INFORMATION SHOWN START

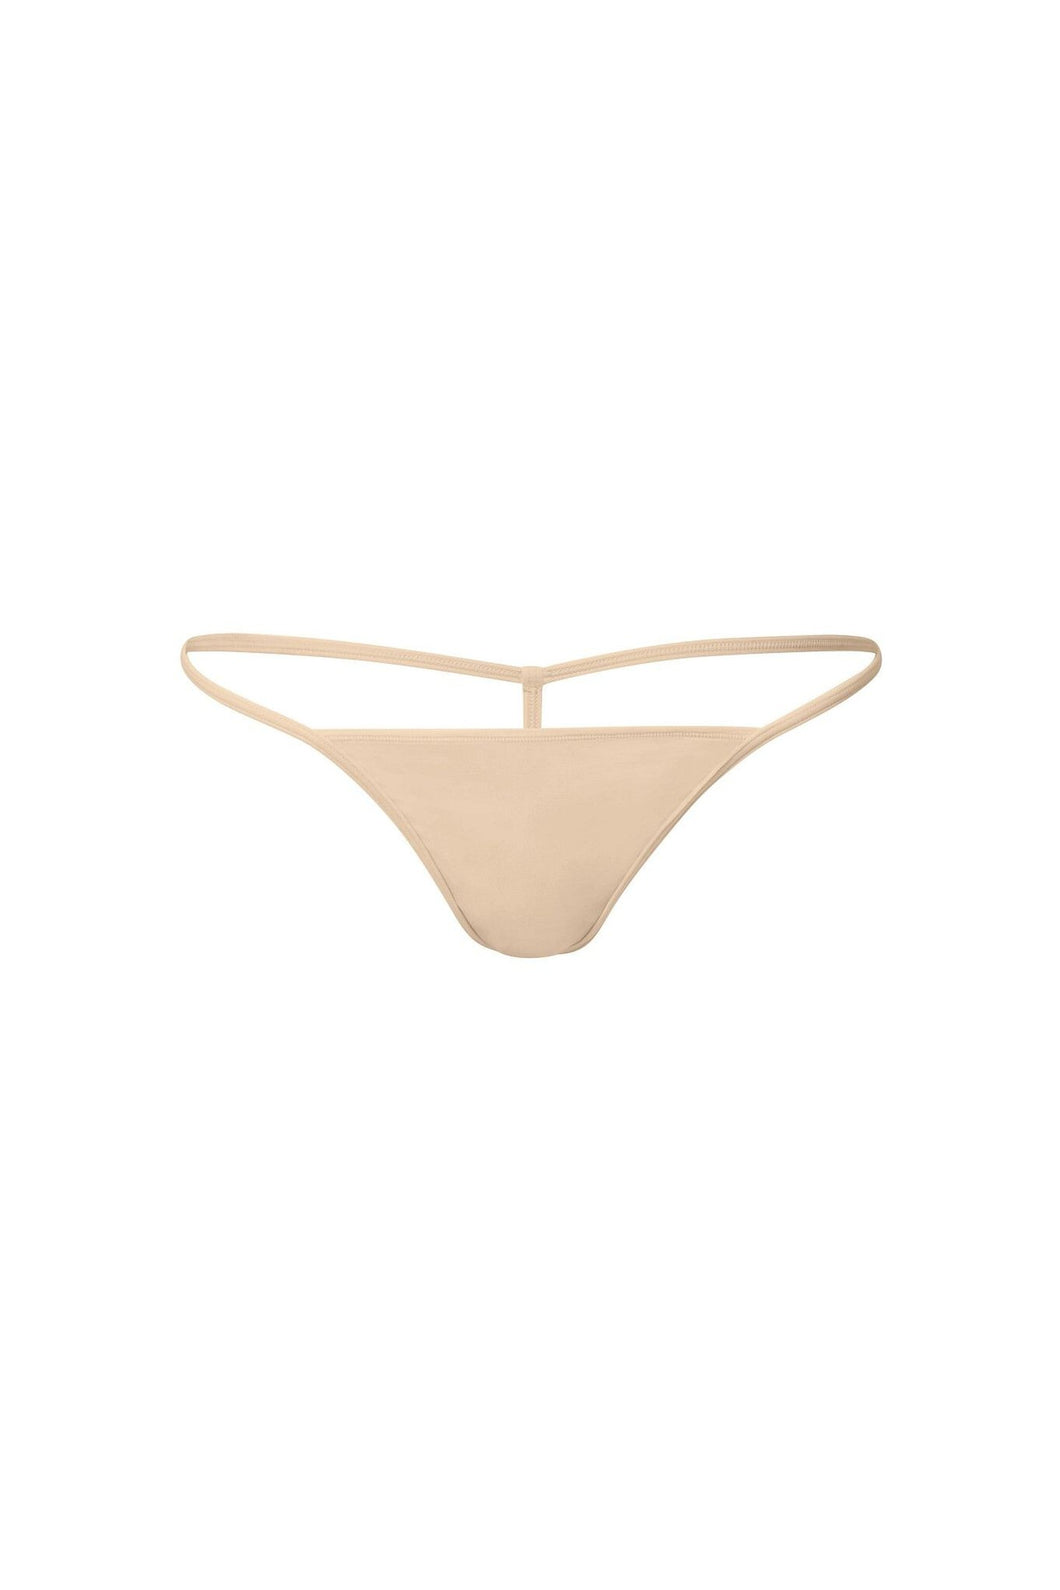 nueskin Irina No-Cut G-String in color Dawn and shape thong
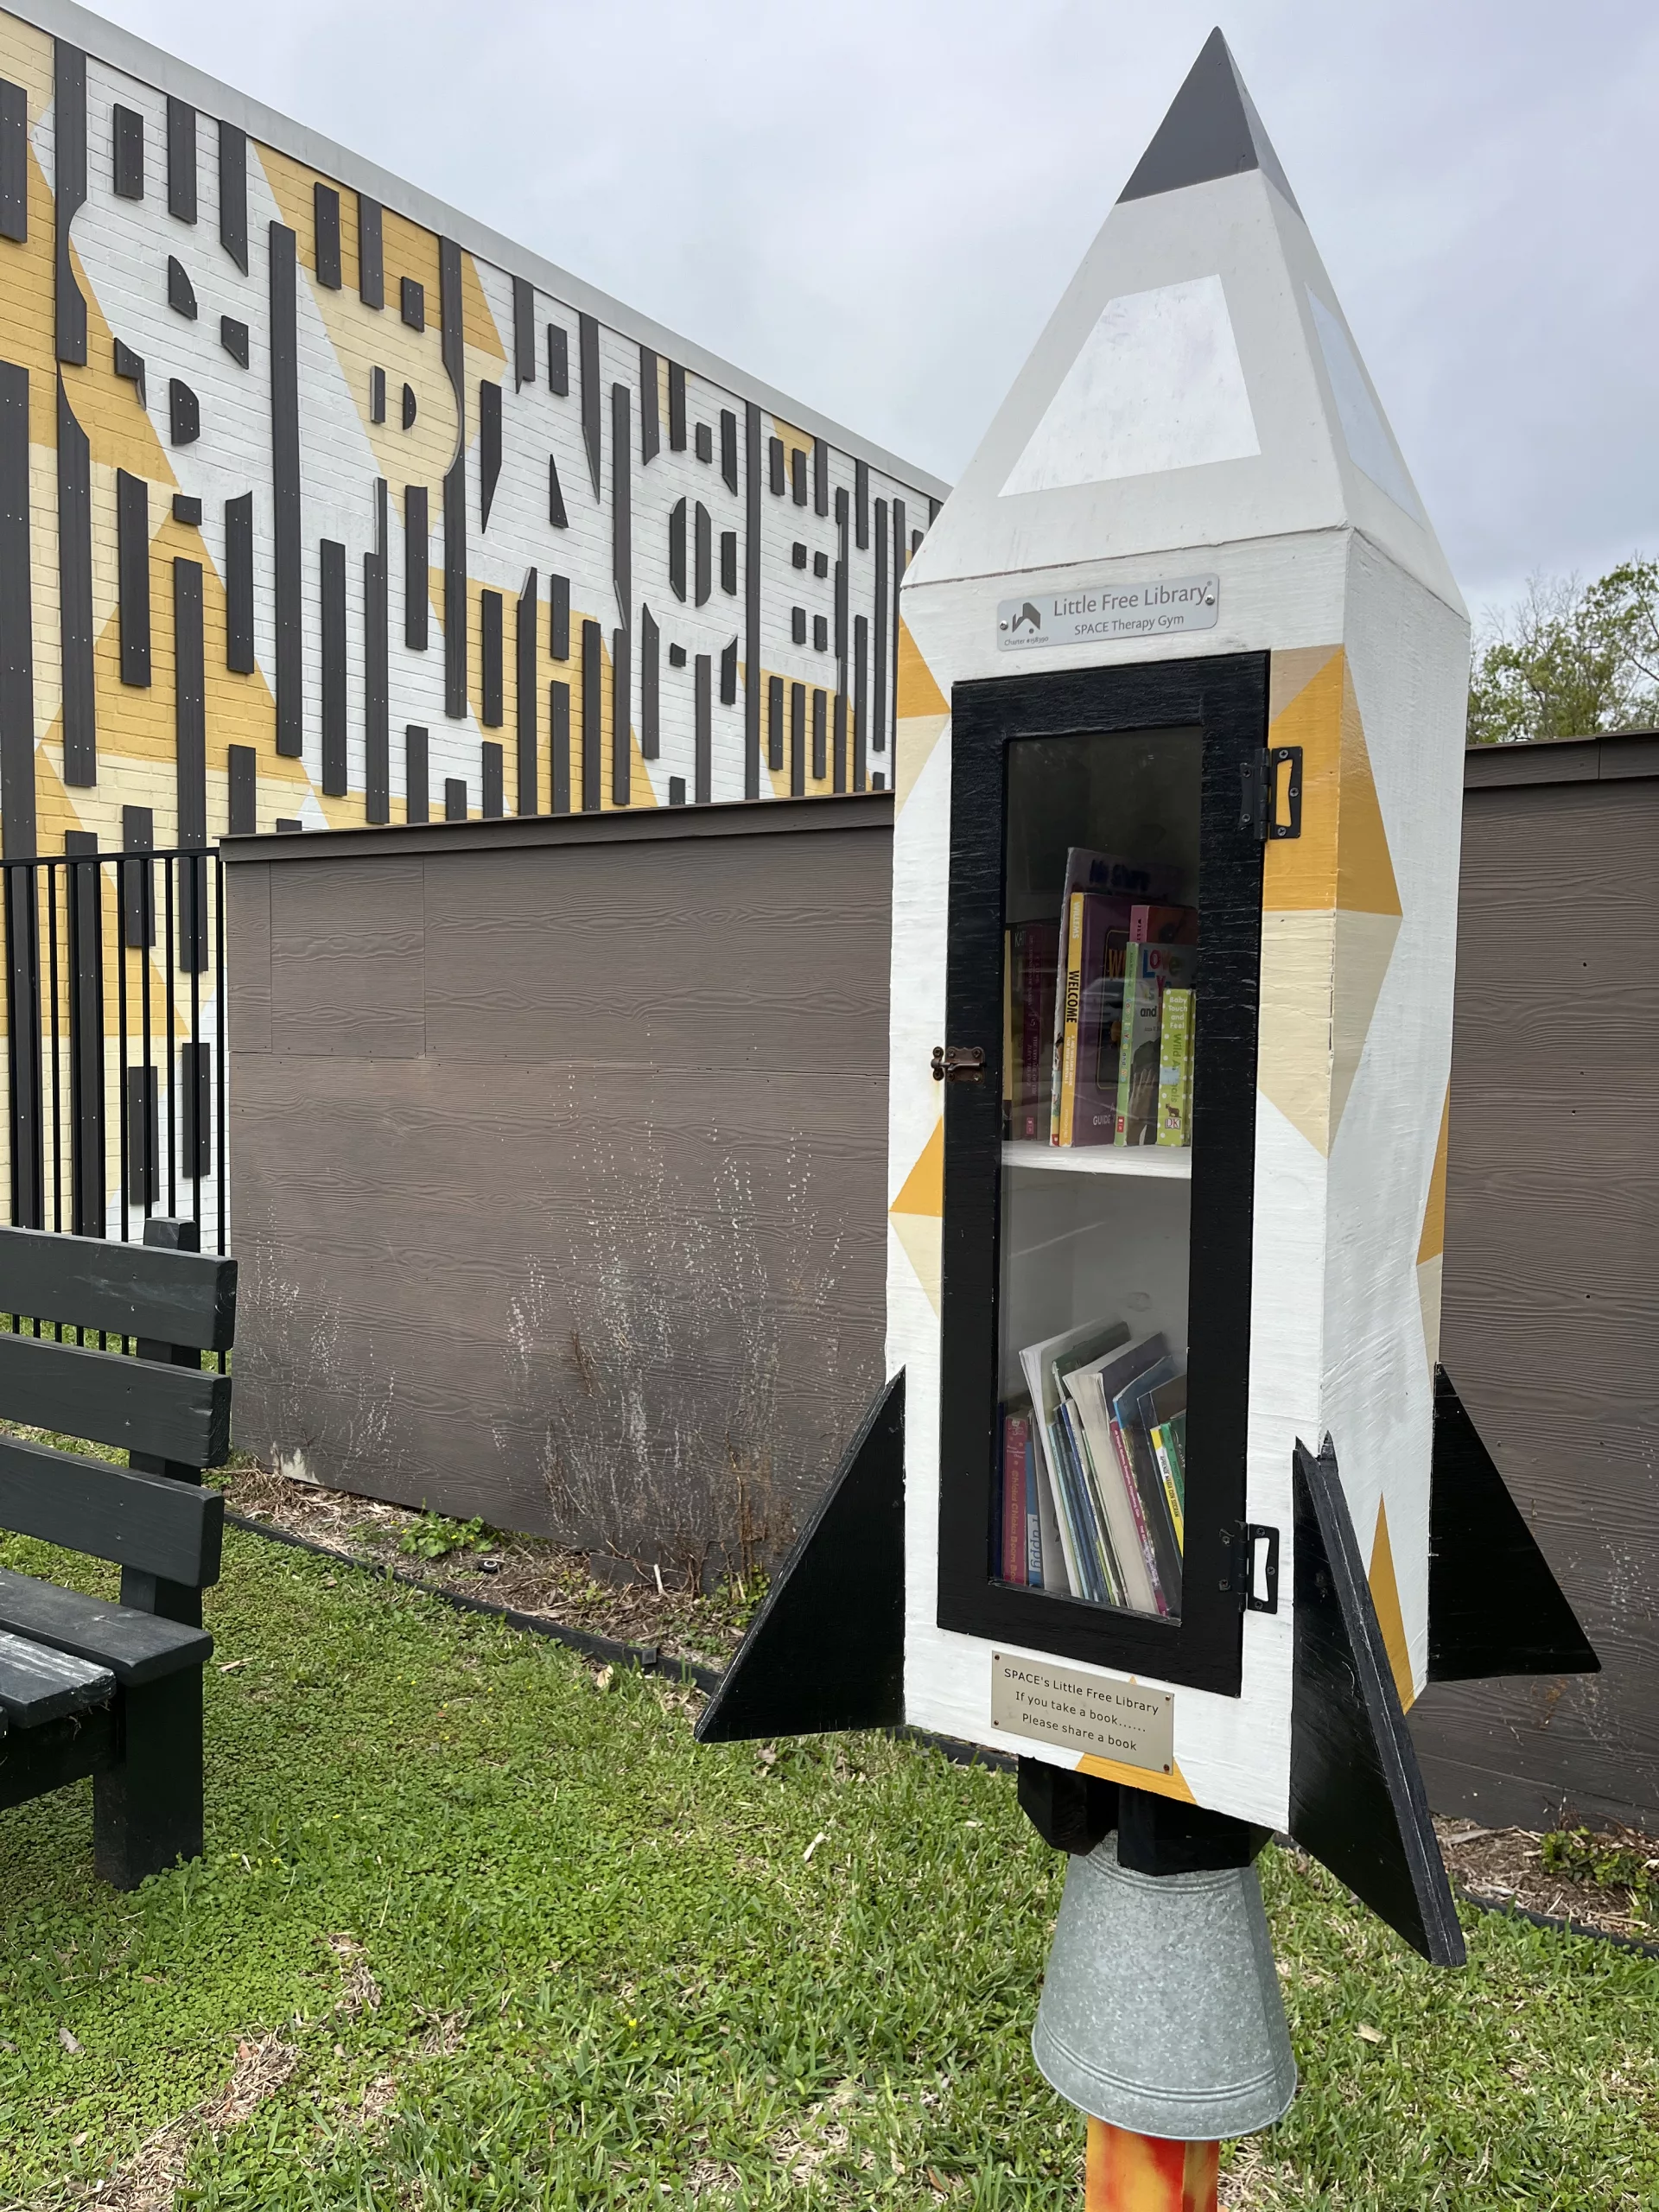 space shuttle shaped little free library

INFORMATION SHOWN END
INFORMATION SHOWN START

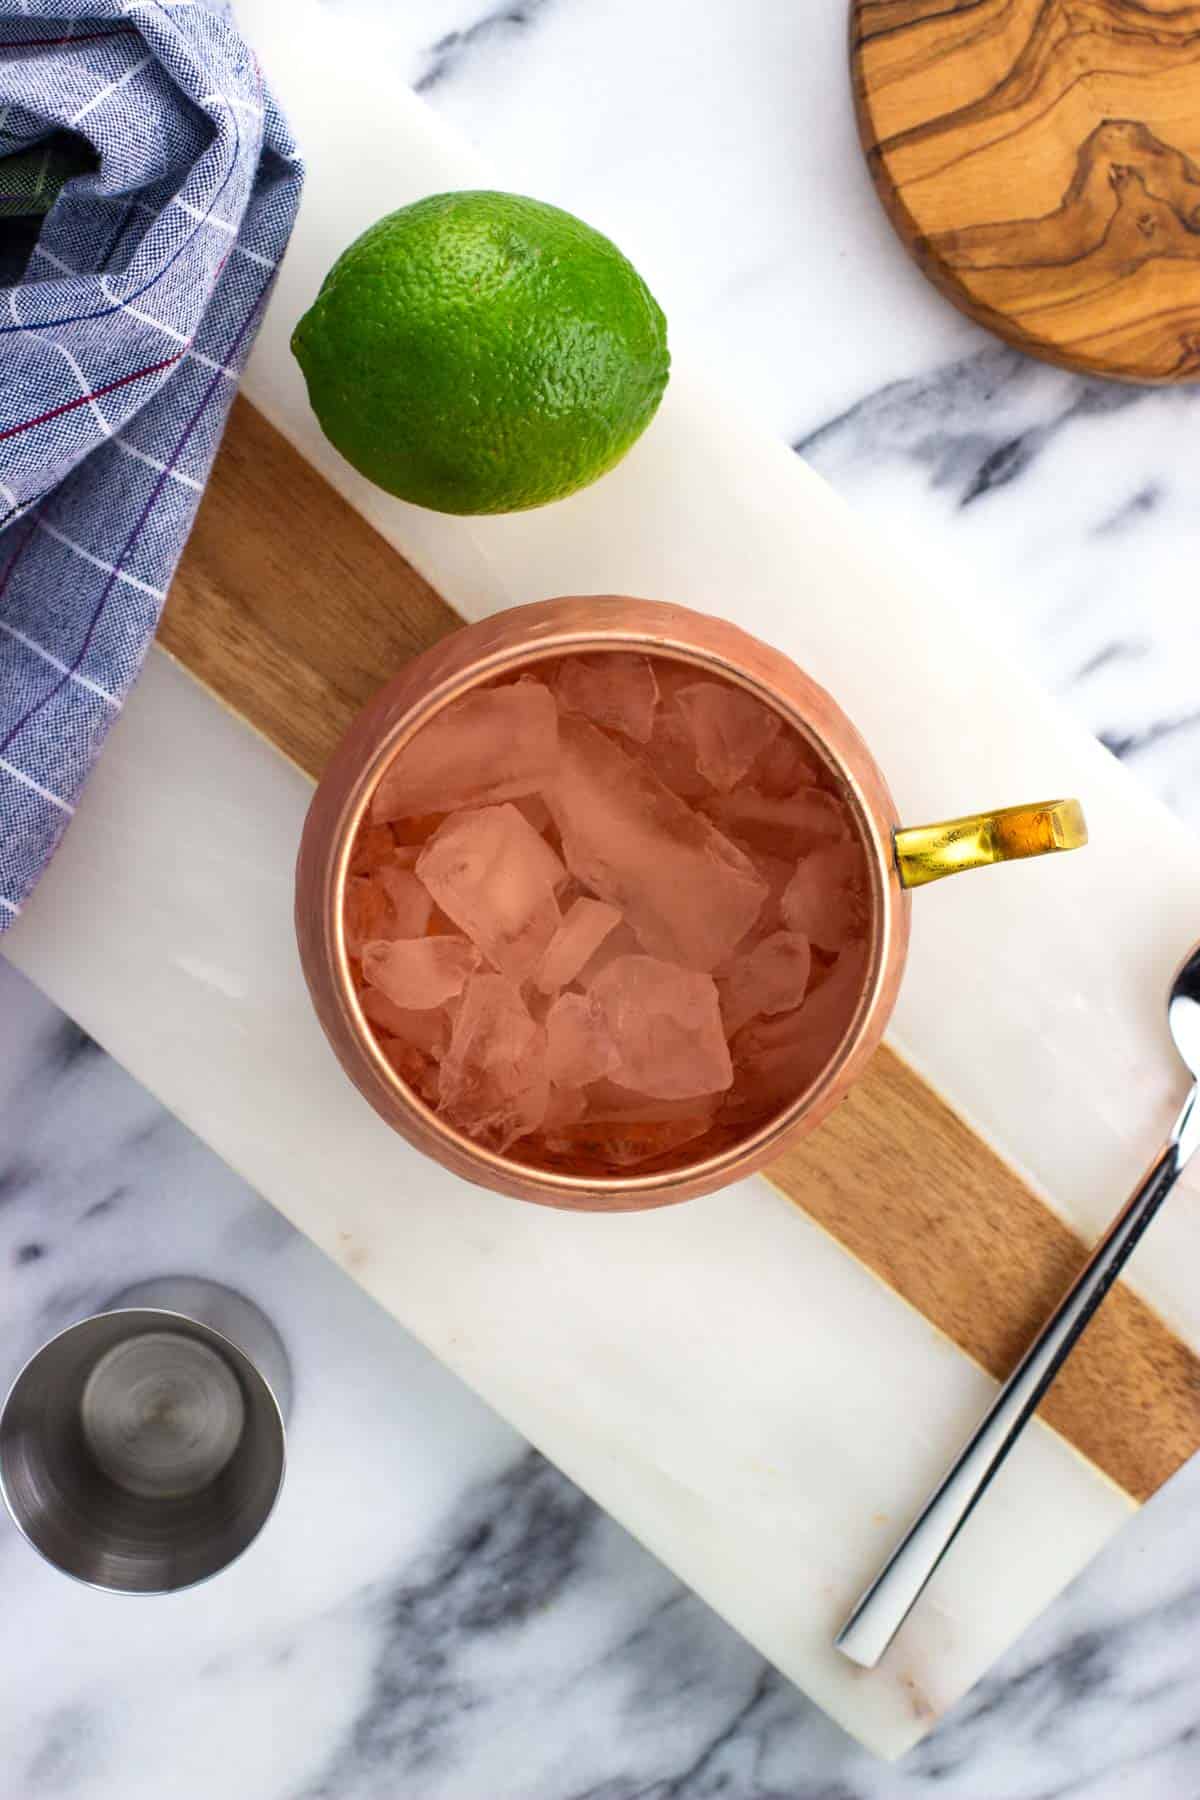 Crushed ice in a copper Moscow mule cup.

INFORMATION SHOWN END
INFORMATION SHOWN START

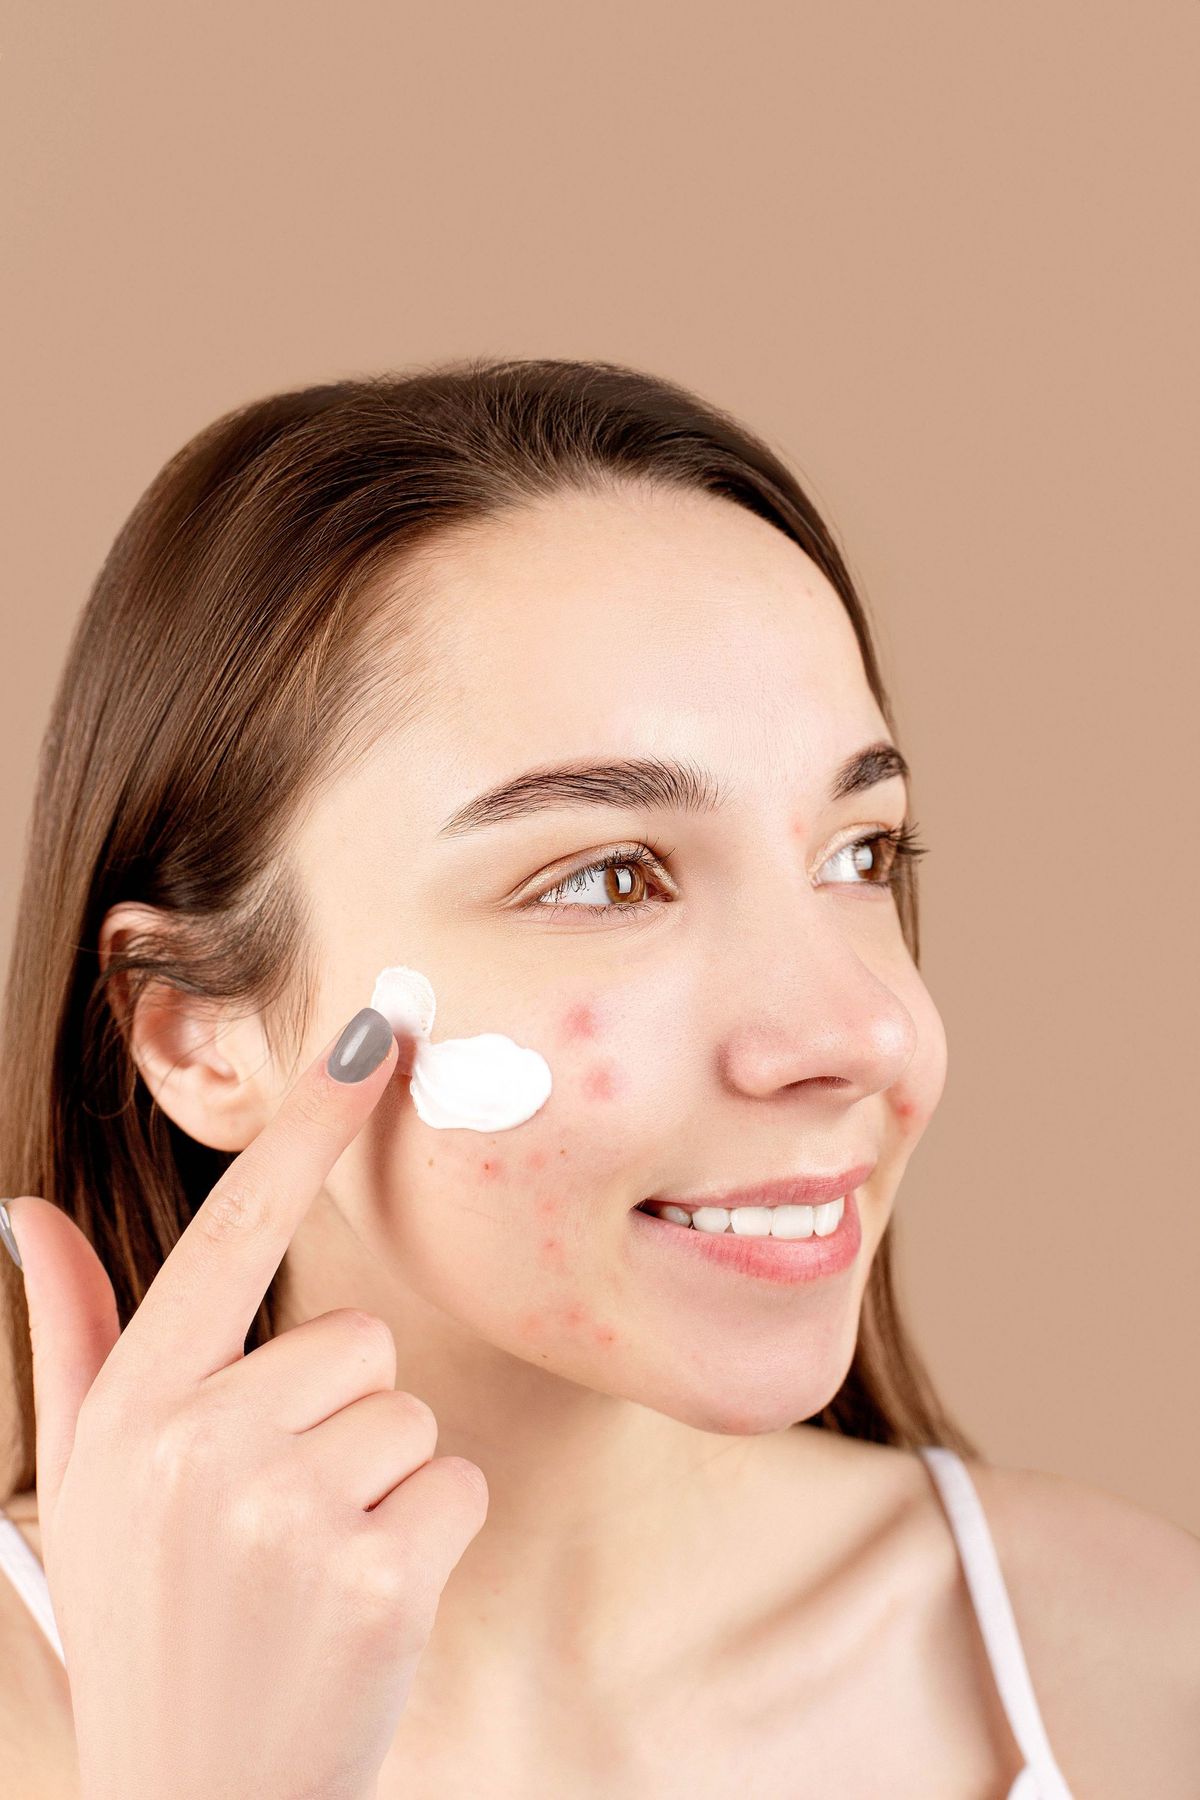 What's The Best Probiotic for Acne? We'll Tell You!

INFORMATION SHOWN END

WHAT IS REQUIRED: Quote the data above exactly from the line with "nueskin Irina No-Cut" to the line with "space shuttle shaped little free library", both ends counted, and nothing else. Pictures don't go in.

RESULT FOR THIS TASK:
 nueskin Irina No-Cut G-String in color Dawn and shape thong
 space shuttle shaped little free library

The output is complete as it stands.